Berkait dengan masalah itu, Miing berpendapat sudah seharusnya Depdiknas mengubah kurikulum mata pelajaran di sekolah-sekolah, karena tidak mengajarkan bagaimana pentingnya sejarah bangsa bagi para pelajar. Sebab, sejarah dan kebudayaan bangsa itu sangat penting. Dia memberikan contoh negara-negara maju seperti Jepang dan Korea yang sangat menjunjung tinggi budaya dan sejarah bangsanya. Karena sesuatu bangsa tidak terlepas dari akar budaya bangsanya.

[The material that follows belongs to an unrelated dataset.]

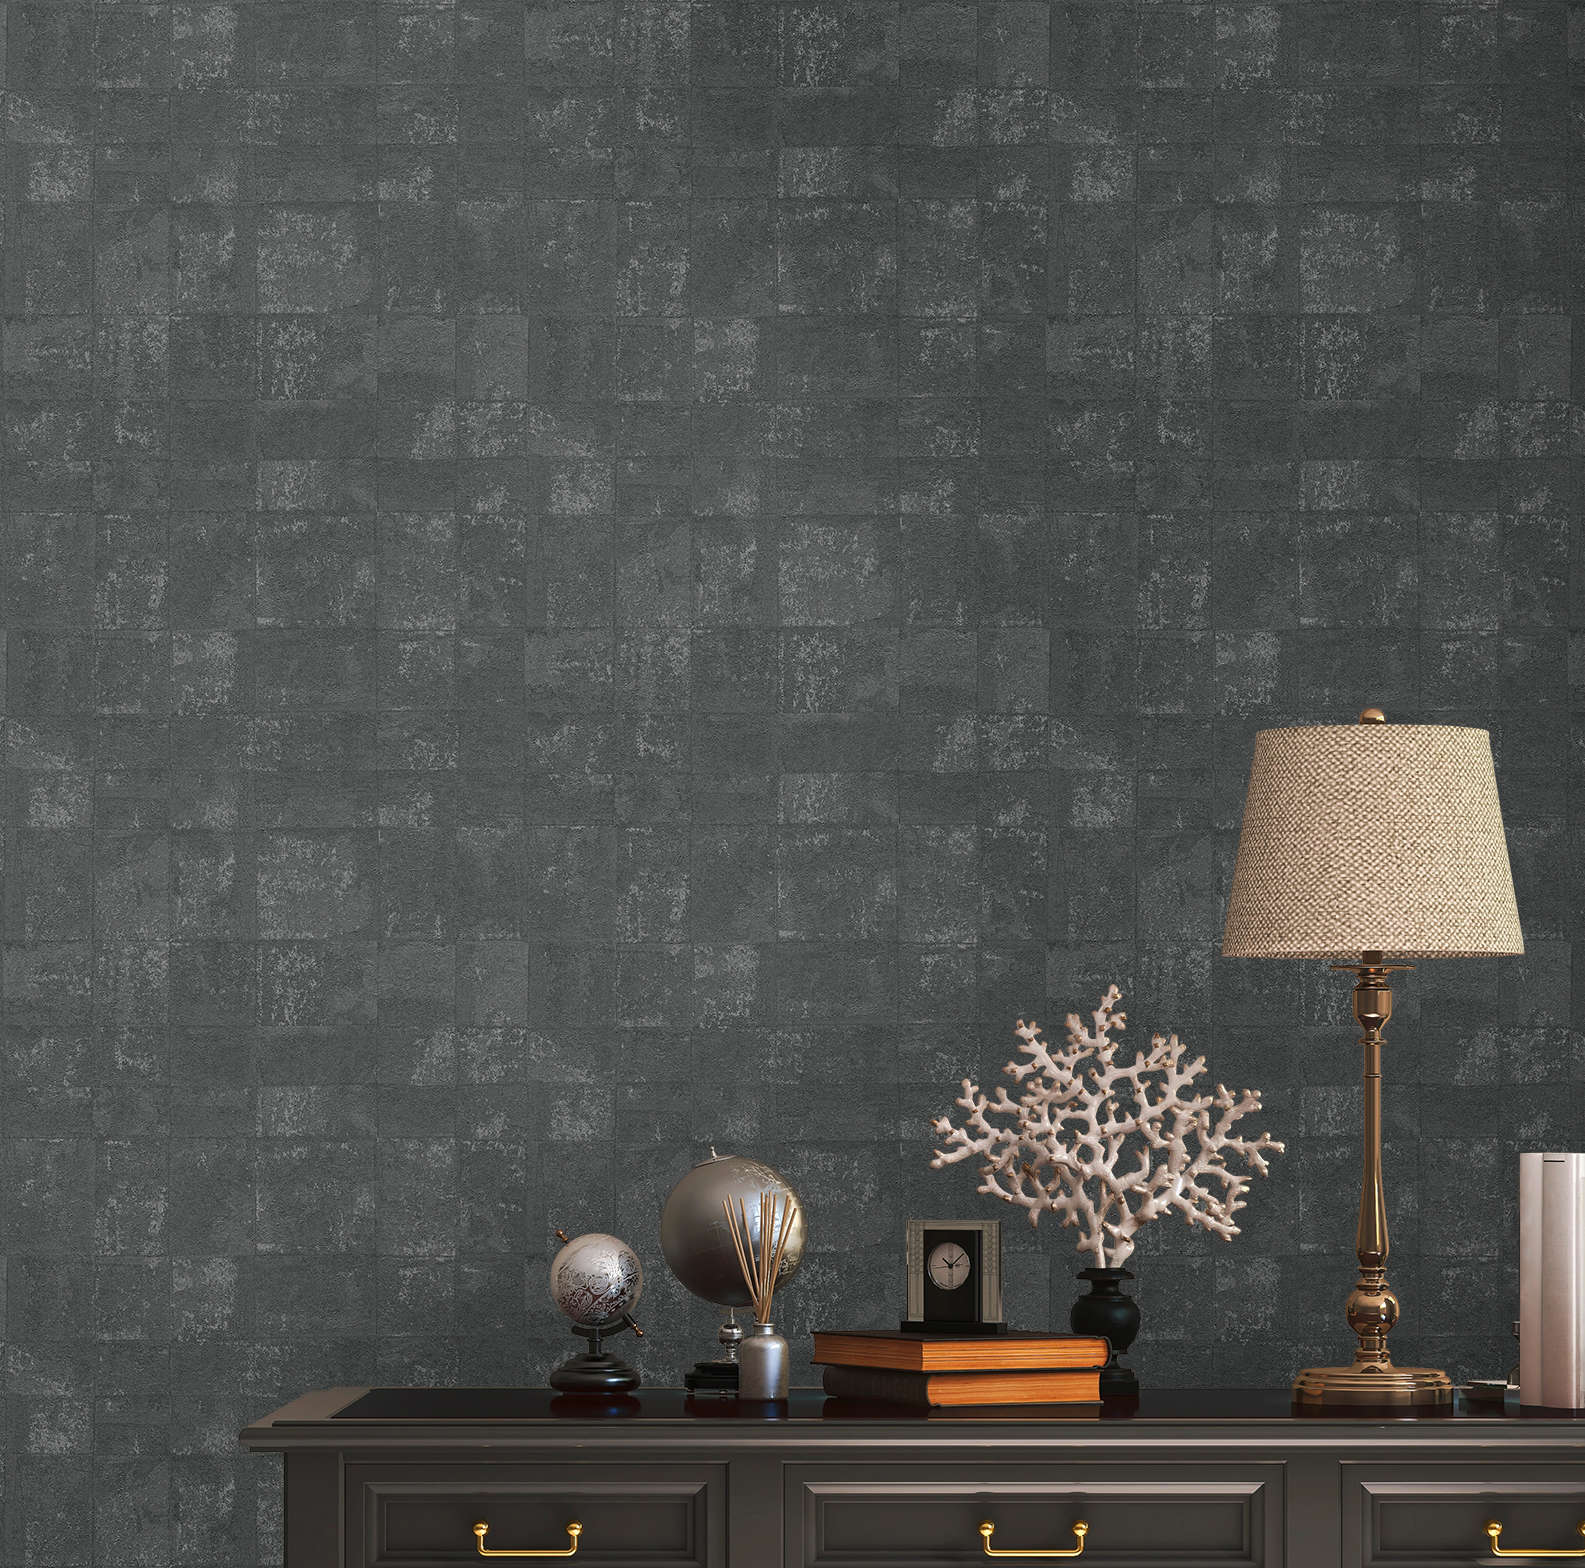             Non-woven wallpaper with tile look in industrial style - black

"Di sini terlihat jelas, jika seorang anak nilai matematika atau fisikanya jelek pasti orang tuanya marah. Tapi kalau nilai sejarahnya jelek, orang tuanya tidak marah. Ini yang harus diubah," katanya.
Wajib militer
Selain masalah kurikulum sejarah, secara serius, Dedi Gumelar juga menyarankan perlunya wajib militer diterapkan di Indonesia. "Wajib militer bukan berarti memiliterkan sipil," jelasnya. Tapi wajib militer itu demi memupuk jiwa patriotisme bangsa, menumbuhkan rasa kebangsaan dan cinta Tanah Air. Demikian juga Gerakan Pramuka di Indonesia seharusnya dimasukkan dalam kurikulum di sekolah-sekolah, karena di situ merupakan langkah pembentukan karakter dan rasa kebangsaan bangsa Indonesia. "Spririt kebangsaan itu sangat penting," ujar Miing.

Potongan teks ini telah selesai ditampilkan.